Copy out the data word for word. The images are not part of the copy.

* _Dataset excerpt_:
----

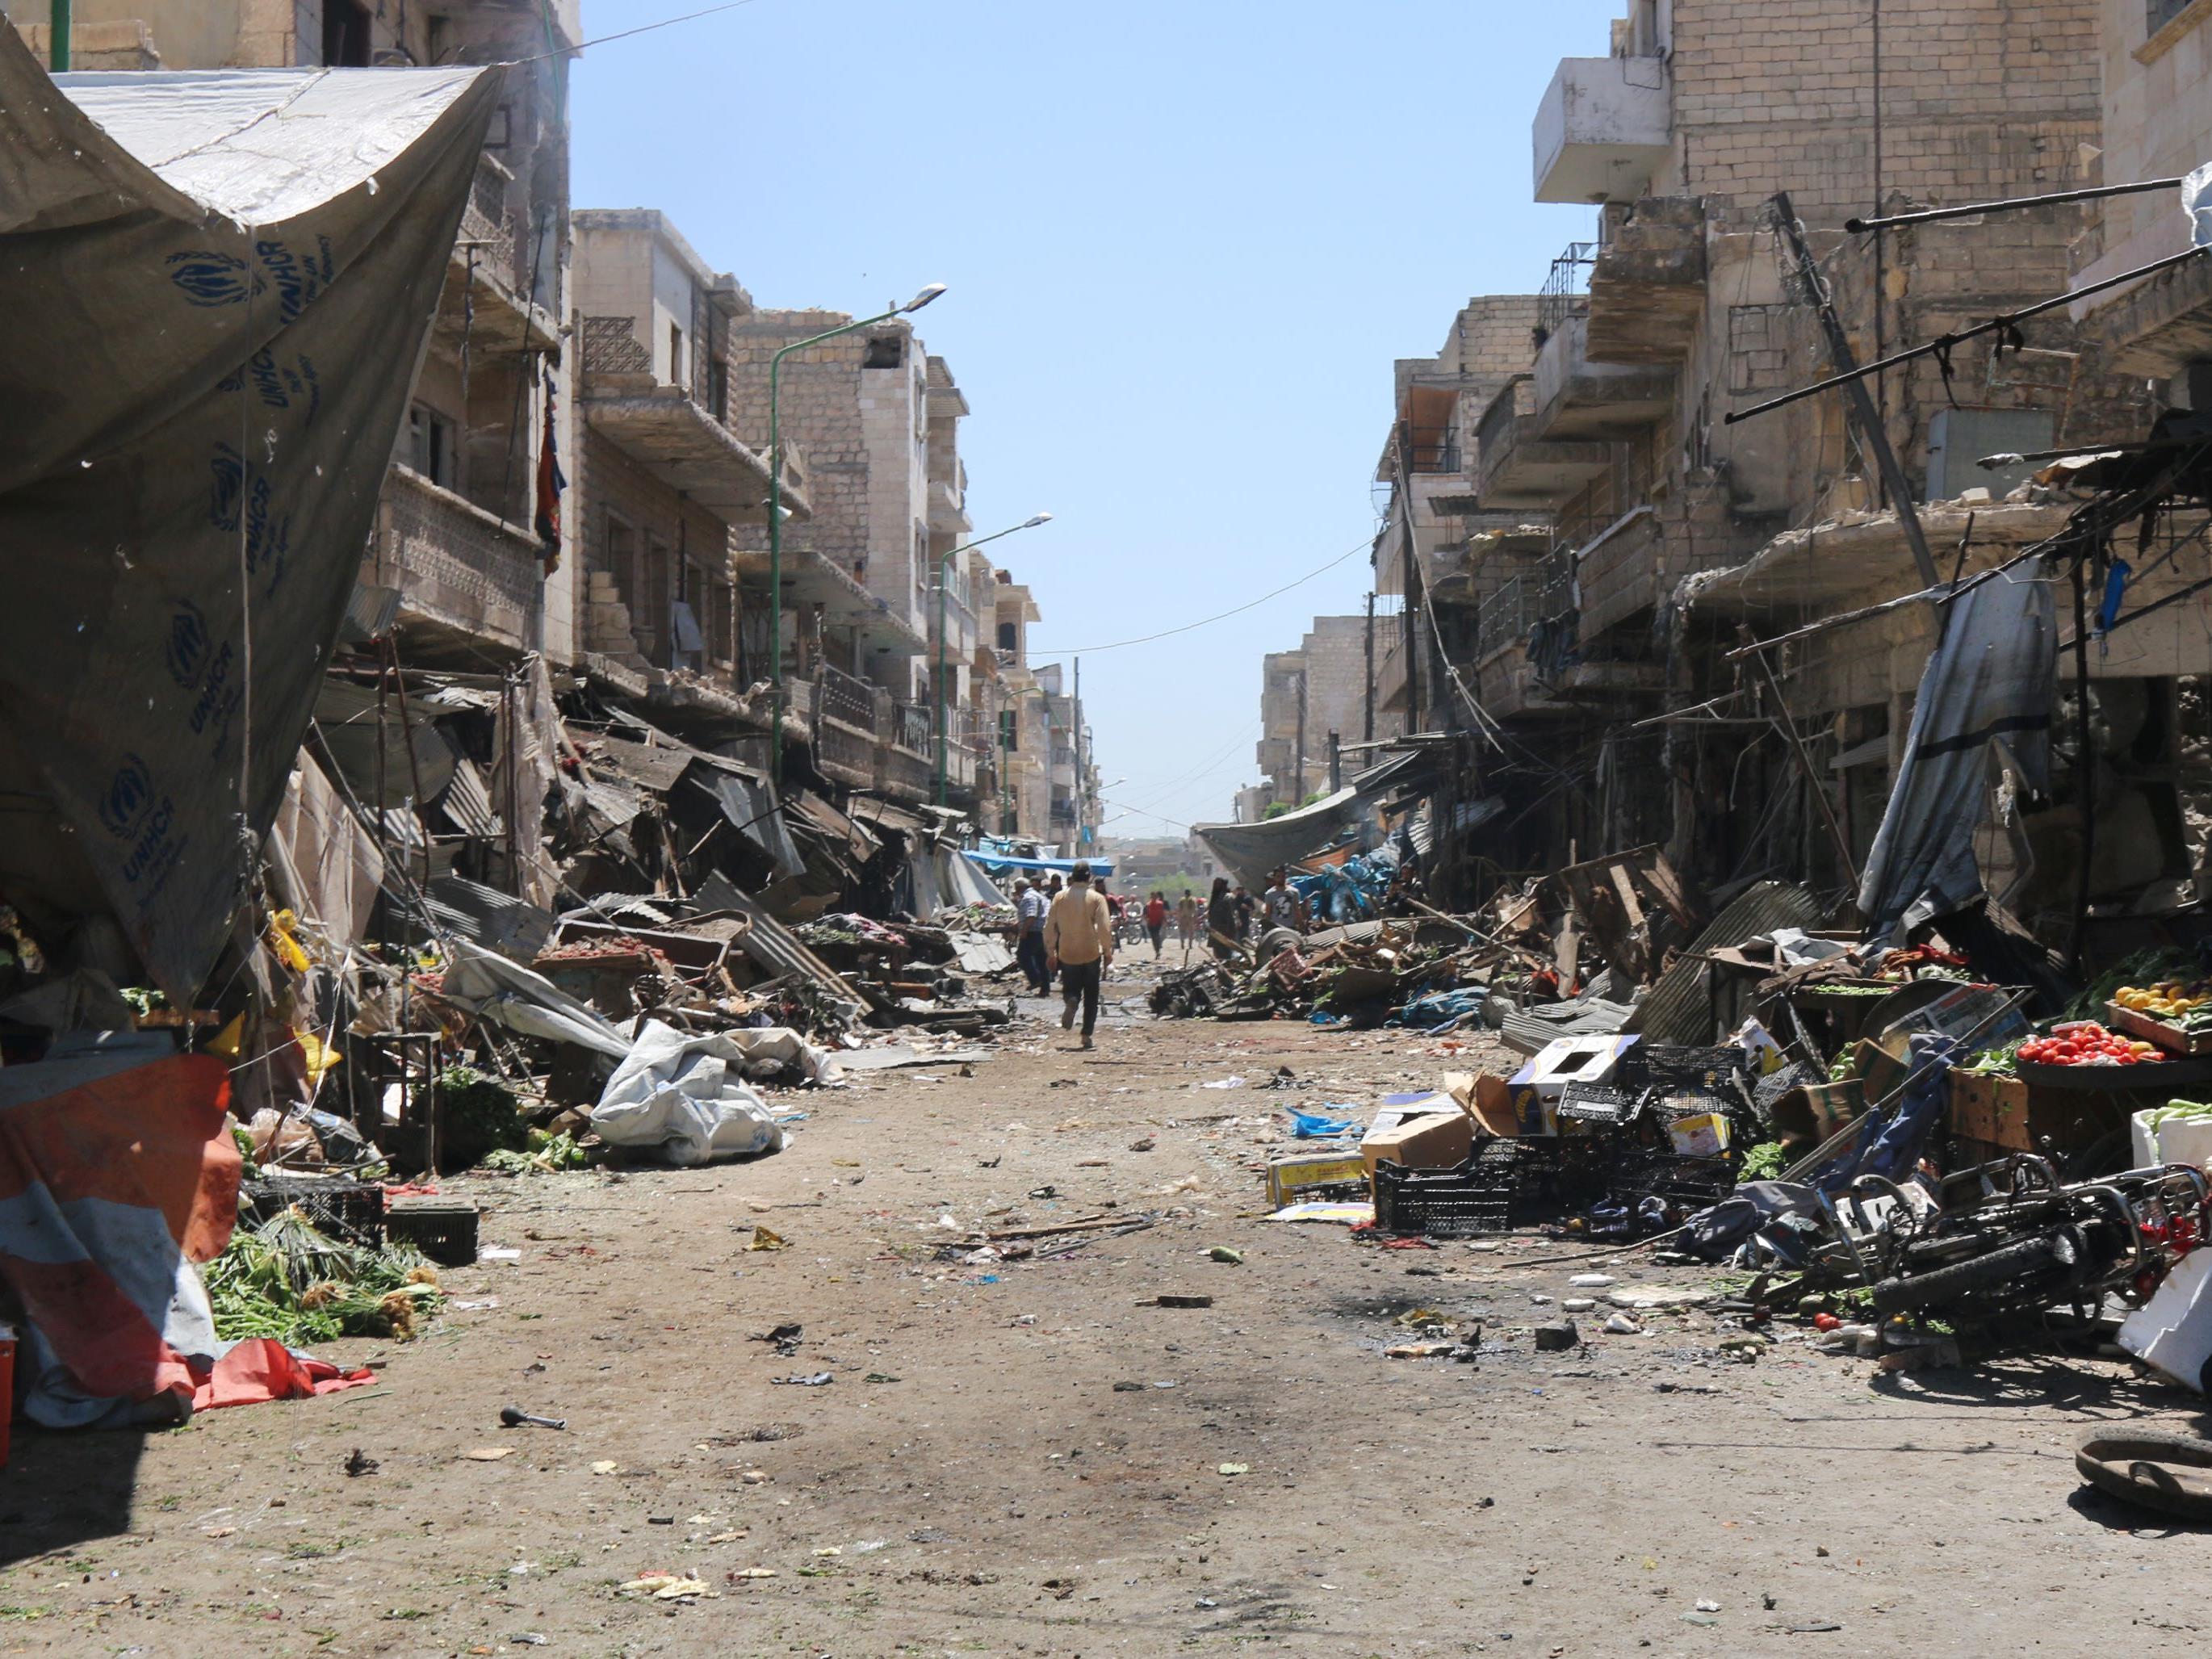 Aktivisten: Assad-Luftwaffe attackierte mehrere Marktplätze - Zivilisten getötet
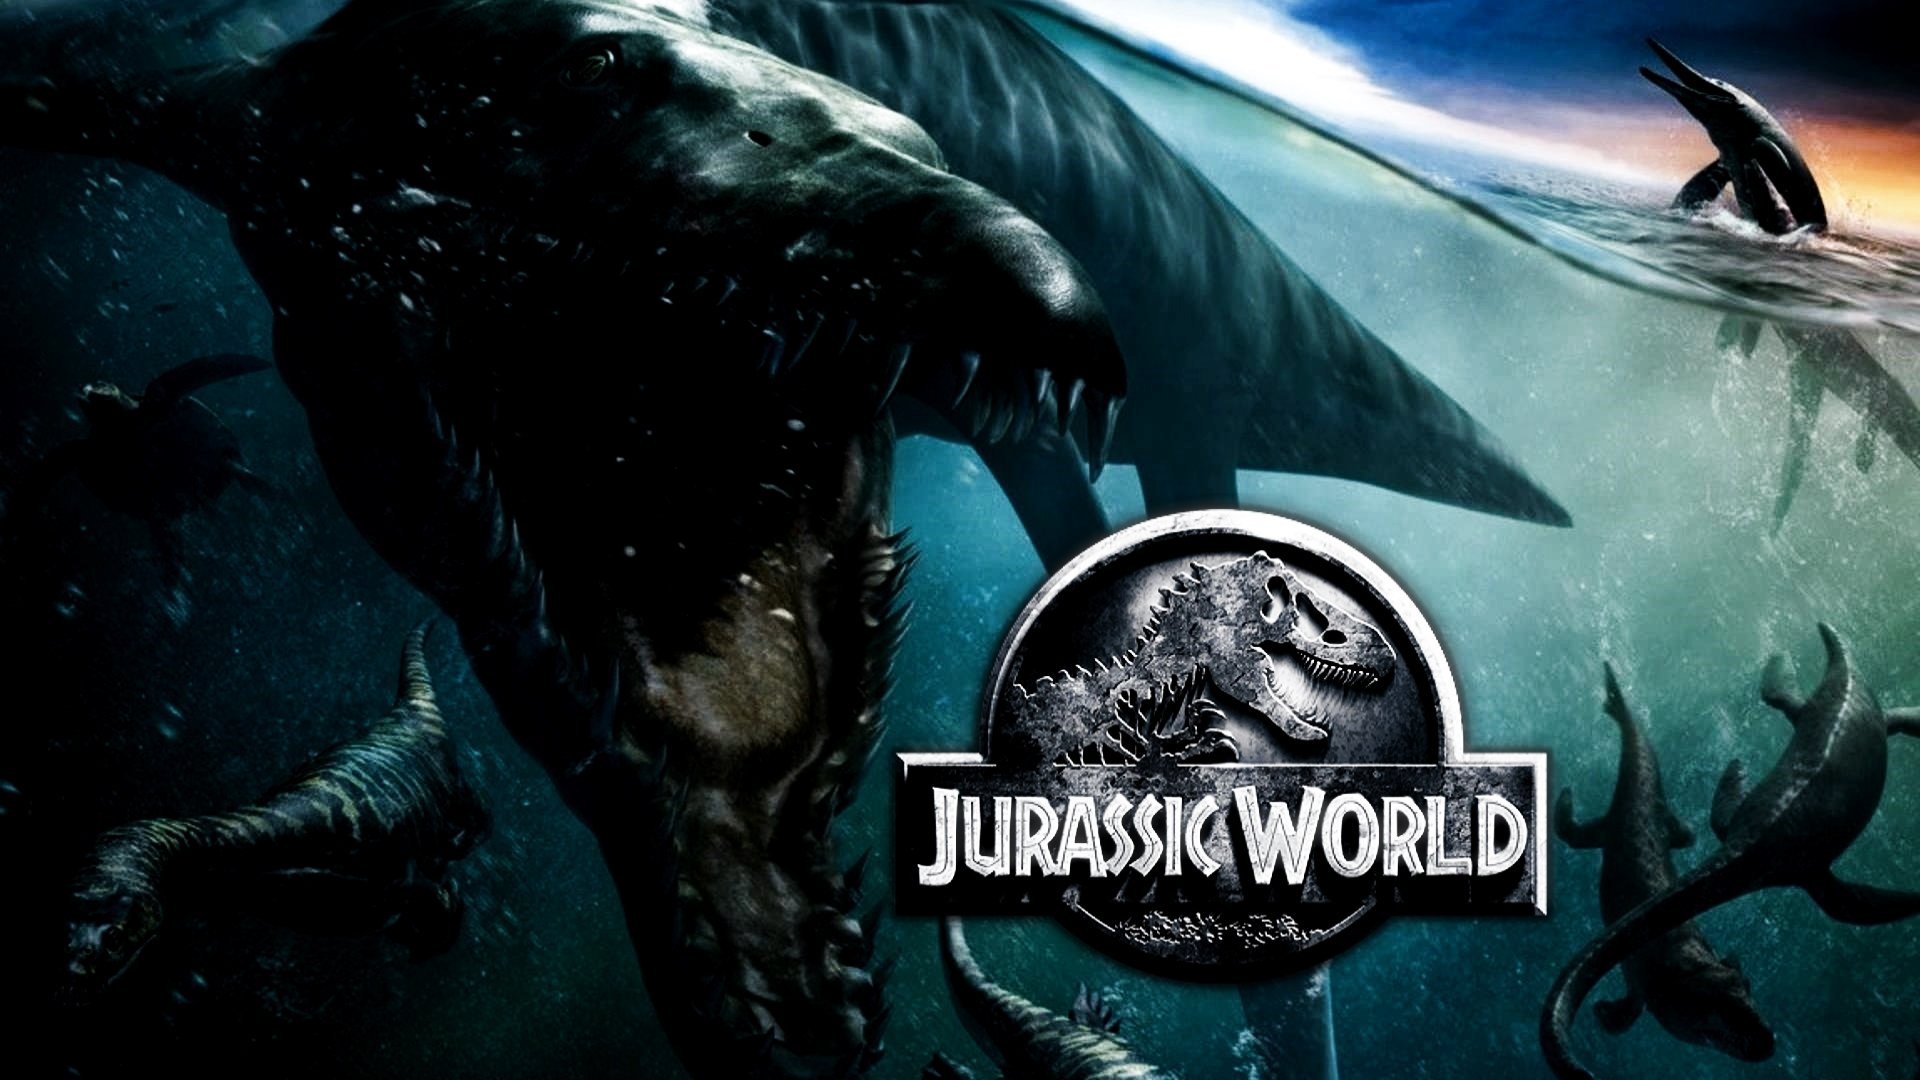 Jurassic World Full HD Fond D Cran And Arri Re Plan
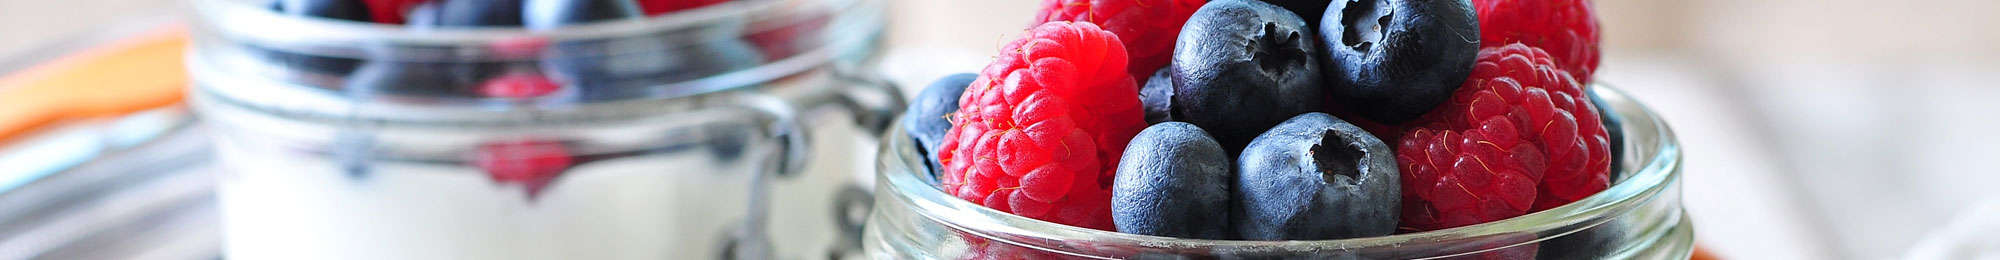 fresh made yogurt with berries
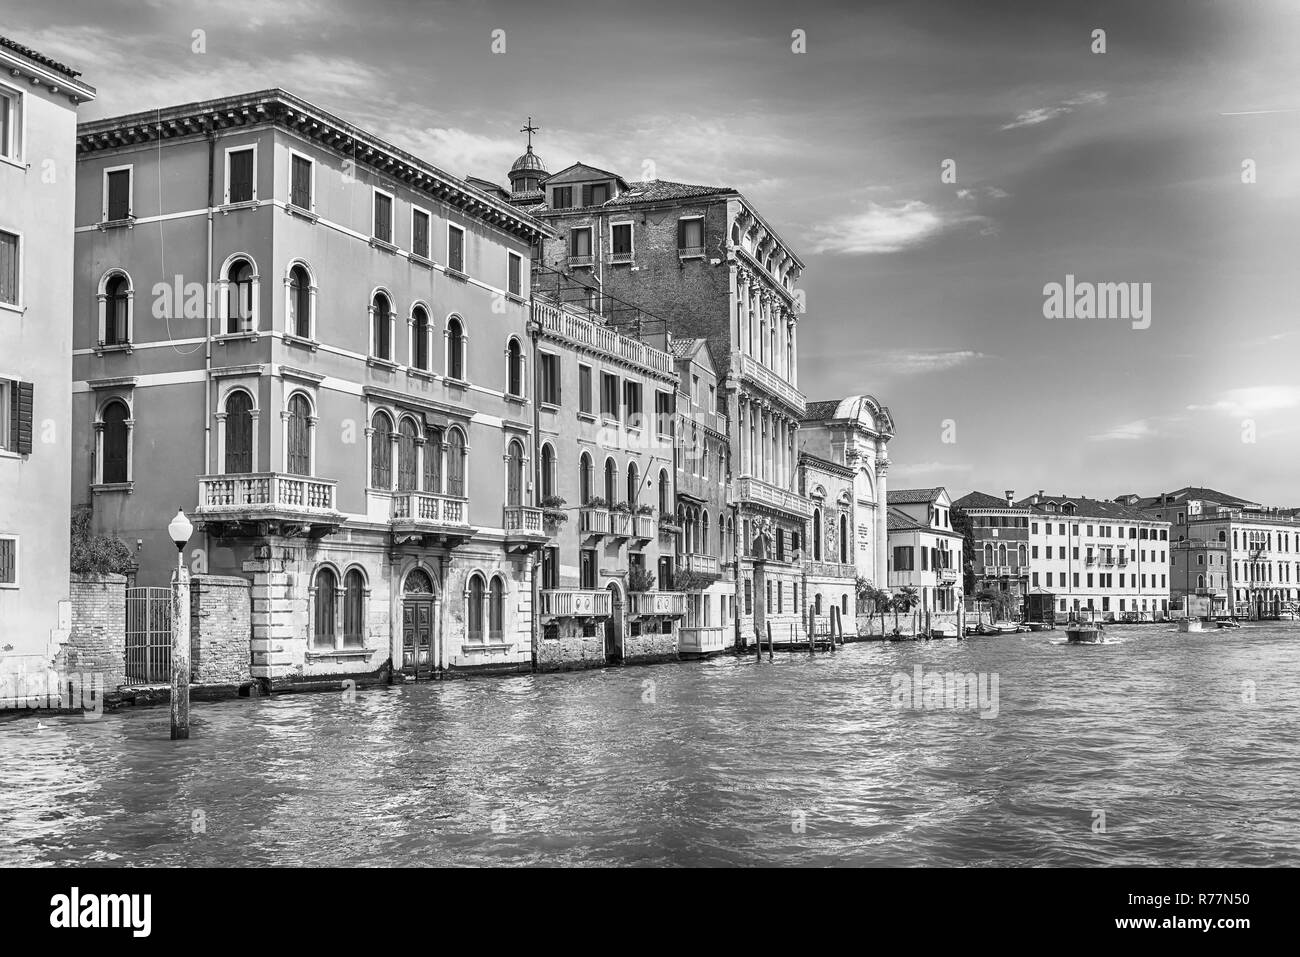 L'architecture pittoresque le long du Grand Canal à Venise, Italie Banque D'Images

----

* _Exercise result_:
 Aktivisten: Assad-Luftwaffe attackierte mehrere Marktplätze - Zivilisten getötet
 Jurassic World Full HD Fond D Cran And Arri Re Plan
 fresh made yogurt with berries
 L'architecture pittoresque le long du Grand Canal à Venise, Italie Banque D'Images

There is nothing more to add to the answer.